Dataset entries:
§ §

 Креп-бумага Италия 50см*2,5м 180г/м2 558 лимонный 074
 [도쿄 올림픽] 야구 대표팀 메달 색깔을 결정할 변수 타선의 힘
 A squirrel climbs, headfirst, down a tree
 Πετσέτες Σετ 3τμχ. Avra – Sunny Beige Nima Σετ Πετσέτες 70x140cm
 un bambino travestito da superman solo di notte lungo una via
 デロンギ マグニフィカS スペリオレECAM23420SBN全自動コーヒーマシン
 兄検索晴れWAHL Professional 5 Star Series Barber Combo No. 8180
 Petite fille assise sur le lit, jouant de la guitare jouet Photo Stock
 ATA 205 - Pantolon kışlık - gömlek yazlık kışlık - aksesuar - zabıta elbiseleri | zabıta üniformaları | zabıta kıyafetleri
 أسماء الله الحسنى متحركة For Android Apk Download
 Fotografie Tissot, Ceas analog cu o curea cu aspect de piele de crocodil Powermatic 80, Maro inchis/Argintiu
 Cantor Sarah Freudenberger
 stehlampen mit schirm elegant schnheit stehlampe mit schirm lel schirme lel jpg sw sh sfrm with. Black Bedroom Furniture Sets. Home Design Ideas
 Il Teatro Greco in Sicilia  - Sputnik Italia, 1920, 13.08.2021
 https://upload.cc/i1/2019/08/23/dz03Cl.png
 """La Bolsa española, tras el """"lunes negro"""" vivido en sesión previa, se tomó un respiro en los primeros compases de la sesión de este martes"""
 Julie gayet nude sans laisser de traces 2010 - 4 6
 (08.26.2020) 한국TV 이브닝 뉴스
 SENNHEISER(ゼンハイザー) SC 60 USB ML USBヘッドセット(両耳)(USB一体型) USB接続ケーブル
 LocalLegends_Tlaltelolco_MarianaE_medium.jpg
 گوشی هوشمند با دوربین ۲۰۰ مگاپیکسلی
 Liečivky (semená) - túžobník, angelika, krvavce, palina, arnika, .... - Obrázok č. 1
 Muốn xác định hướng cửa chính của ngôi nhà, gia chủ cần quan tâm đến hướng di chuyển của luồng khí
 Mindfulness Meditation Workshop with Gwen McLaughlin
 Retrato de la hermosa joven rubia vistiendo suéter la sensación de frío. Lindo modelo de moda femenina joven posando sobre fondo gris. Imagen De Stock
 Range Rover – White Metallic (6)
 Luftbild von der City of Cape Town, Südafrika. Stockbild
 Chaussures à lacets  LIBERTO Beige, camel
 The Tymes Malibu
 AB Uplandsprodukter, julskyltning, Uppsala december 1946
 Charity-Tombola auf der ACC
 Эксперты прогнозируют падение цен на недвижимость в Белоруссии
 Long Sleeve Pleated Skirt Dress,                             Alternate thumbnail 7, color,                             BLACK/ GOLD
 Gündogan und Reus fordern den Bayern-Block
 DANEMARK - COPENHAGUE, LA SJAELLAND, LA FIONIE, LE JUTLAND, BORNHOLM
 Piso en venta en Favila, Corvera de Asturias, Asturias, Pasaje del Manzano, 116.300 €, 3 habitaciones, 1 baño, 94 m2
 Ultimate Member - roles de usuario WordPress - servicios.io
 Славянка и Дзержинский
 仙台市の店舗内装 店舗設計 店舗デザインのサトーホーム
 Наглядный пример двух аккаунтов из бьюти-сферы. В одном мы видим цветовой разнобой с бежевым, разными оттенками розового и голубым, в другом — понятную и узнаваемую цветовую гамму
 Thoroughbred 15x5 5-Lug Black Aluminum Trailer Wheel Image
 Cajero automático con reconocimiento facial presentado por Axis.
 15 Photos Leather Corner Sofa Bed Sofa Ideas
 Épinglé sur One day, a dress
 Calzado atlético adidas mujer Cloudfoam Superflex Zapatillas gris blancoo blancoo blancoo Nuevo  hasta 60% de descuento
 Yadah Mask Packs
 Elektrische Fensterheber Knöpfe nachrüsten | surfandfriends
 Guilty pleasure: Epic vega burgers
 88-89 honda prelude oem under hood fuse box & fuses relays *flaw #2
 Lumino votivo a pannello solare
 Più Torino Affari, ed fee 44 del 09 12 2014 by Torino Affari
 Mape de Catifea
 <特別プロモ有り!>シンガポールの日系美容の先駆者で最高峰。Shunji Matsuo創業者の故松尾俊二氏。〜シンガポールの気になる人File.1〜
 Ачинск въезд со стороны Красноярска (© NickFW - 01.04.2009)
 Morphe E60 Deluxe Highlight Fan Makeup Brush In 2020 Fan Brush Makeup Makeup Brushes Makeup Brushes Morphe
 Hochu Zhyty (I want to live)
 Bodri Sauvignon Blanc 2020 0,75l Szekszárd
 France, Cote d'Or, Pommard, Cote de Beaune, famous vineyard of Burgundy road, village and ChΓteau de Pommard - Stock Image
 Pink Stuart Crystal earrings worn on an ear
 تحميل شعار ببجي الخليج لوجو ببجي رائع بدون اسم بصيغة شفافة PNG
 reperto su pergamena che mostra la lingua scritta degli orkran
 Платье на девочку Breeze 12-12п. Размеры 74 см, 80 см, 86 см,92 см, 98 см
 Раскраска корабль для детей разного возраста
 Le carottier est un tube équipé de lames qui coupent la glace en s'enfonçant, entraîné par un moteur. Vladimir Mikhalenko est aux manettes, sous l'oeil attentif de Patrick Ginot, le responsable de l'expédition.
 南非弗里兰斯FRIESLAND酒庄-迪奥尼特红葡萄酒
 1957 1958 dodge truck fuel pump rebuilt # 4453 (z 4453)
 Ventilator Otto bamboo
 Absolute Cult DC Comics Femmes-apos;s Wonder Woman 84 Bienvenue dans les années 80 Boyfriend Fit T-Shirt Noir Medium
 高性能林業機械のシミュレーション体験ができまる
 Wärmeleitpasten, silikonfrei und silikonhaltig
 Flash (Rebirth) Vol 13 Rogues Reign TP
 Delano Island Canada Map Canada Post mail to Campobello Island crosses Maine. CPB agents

§ §

* Problem:
Please go line by line through the records above, copying each one that holds the string "gris".

* Solution to this problem:
 Retrato de la hermosa joven rubia vistiendo suéter la sensación de frío. Lindo modelo de moda femenina joven posando sobre fondo gris. Imagen De Stock
 Calzado atlético adidas mujer Cloudfoam Superflex Zapatillas gris blancoo blancoo blancoo Nuevo  hasta 60% de descuento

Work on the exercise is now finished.